LA HABITACIÓN OSCURA

Cierra los ojos..., me decía una voz con delicadeza, mientras oía de fondo el sonido de las agujas del reloj. Tic, tac, tic, tac...

En ese momento, empecé a sentir como los párpados de mis ojos se hacían cada vez más pesados y mi cuerpo parecía que flotaba en las aguas de un denso mar, del mismo modo que mi mente se sintonizaba con el balanceo de un péndulo de metal. En la medida que su voz se convertía en un susurro, mi cuerpo se desvanecía hasta aparecer finalmente dentro de una habitación oscura y desamparada que desconocía. ¿Dónde estoy?, me preguntaba con cierto desconcierto.

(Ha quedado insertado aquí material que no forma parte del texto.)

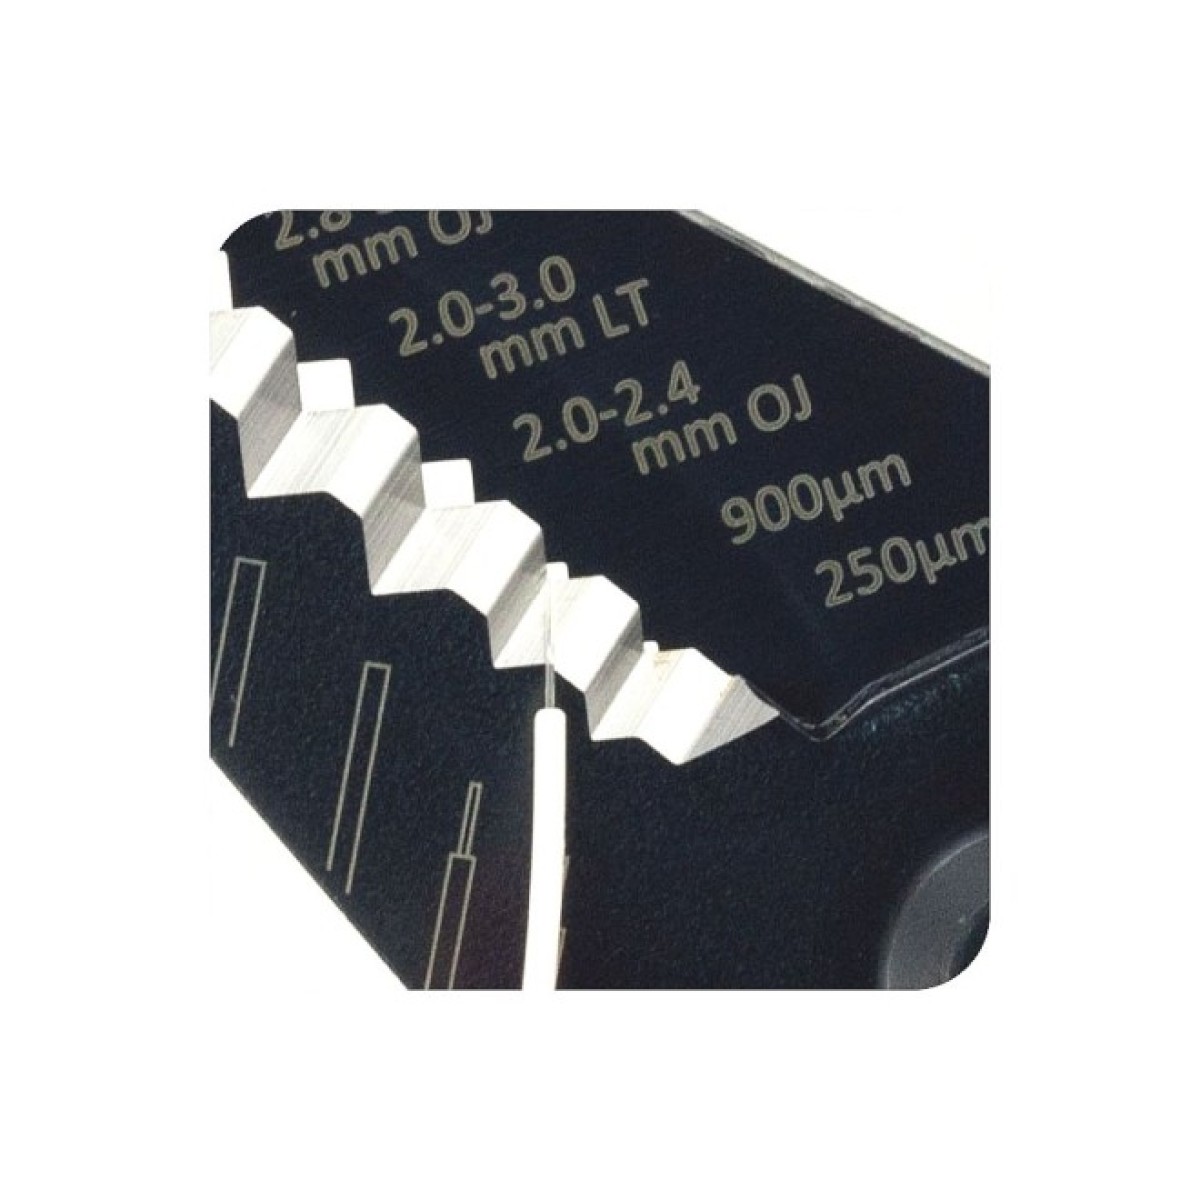 Інструмент (stripper) для зачистки оптичних волокон, 250μm, 900μm, оболонки та туби 2.0-3.0 мм, Hanlong 98_98.jpg - фото 3
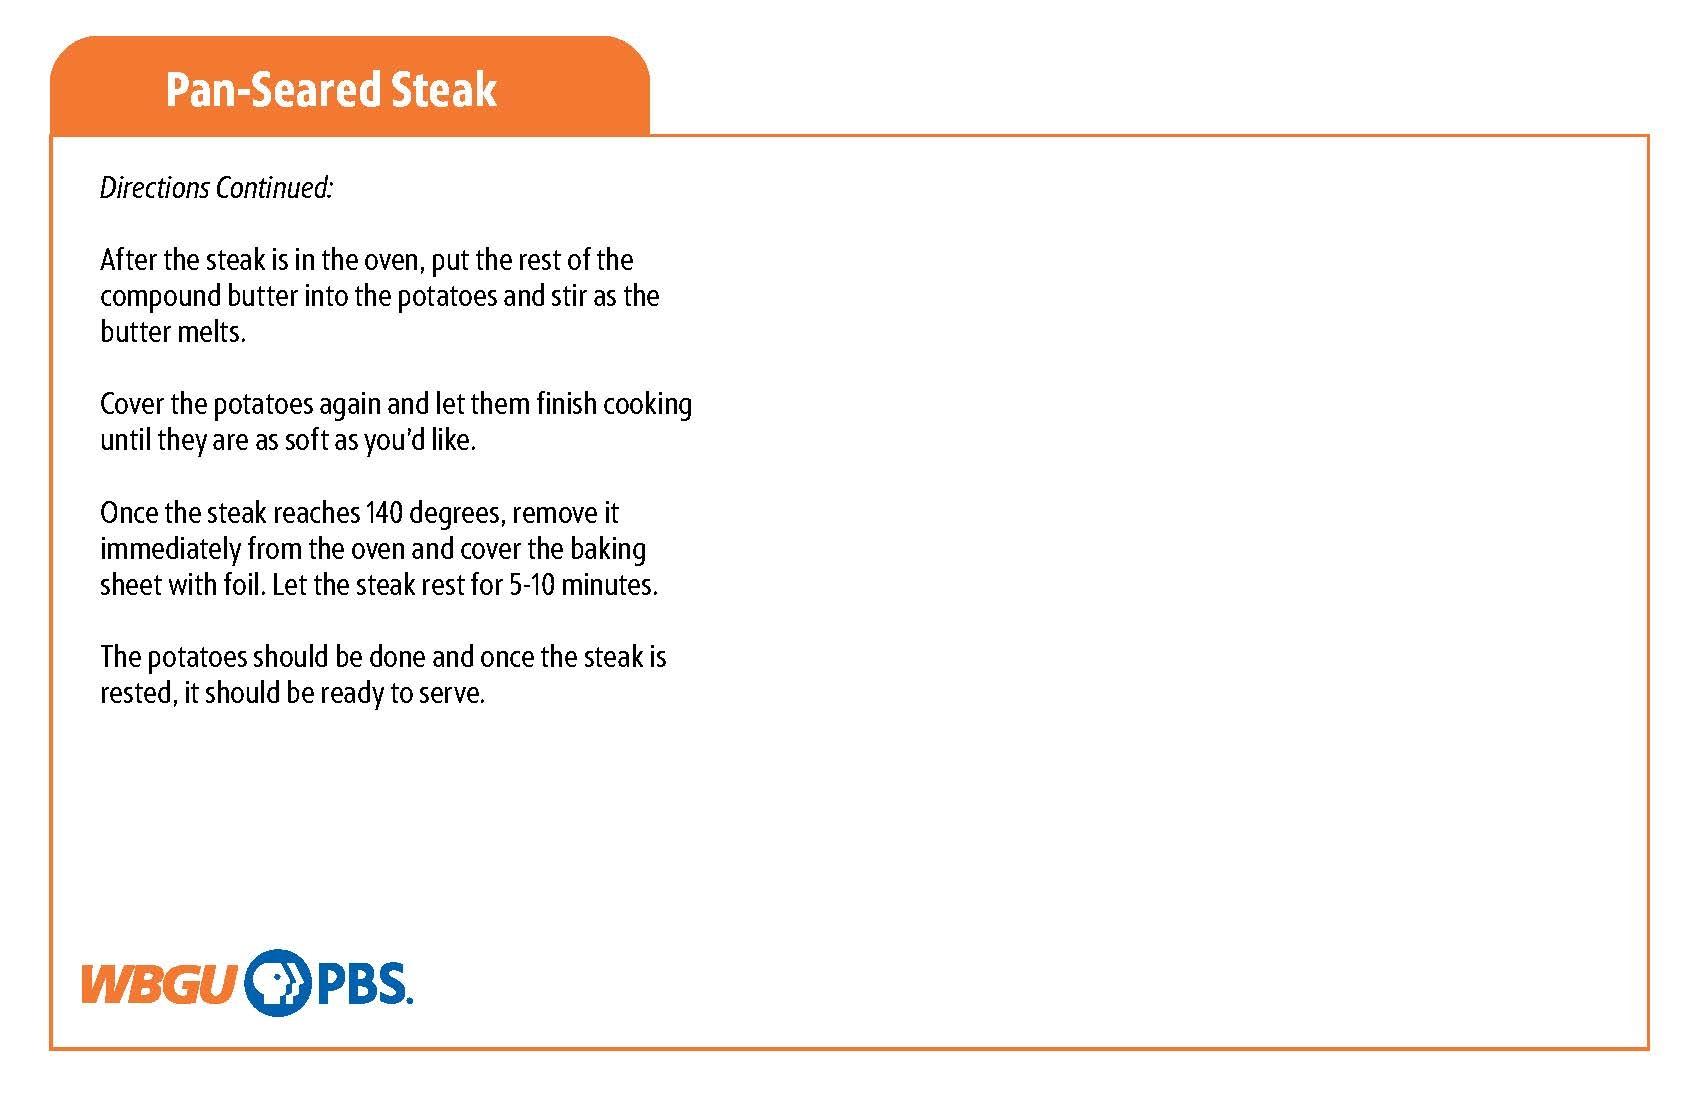 Pan-Seared Steak Recipe continued

El tétrico cuarto que me rodeaba era frío e incluso húmedo, pero me sentía extrañamente tranquila, como si me hubiera acostumbrado a los desolados paisajes del destierro al que se había convertido mi vida. Mis pies caminaban solos por la espesa negrura que respiraba y, entonces, atisbé, en uno de los rincones de al fondo de aquella sala, el cuerpo de una niña que lloraba con su cabeza apoyada entre sus rodillas. ¿Quién eres? ¿Qué haces aquí?, le pregunté al llegar hasta ella, a la vez que apoyaba delicadamente mi mano sobre su pequeña espalda.

Llevaba un ligero y sucio vestido de tela, y su cuerpo temblaba debido al gélido viento que entraba por los cristales rotos de las ventanas. Me arrodillé entonces hasta su altura, intentando calmarla sin saber cómo. ¿Por qué estás aquí sola?, le volví a preguntar sin obtener respuesta. De pronto, alzó su rostro y los intensos ojos negros con los que me miraba me pusieron los pelos de punta. En ese instante, sentí como mi cuerpo se mimetizaba con el suyo, convirtiéndonos así en una misma instancia. Podía sentir sus oscuros sentimientos, los cuales me perturbaban en demasía hasta el punto de notar mis ojos llorosos.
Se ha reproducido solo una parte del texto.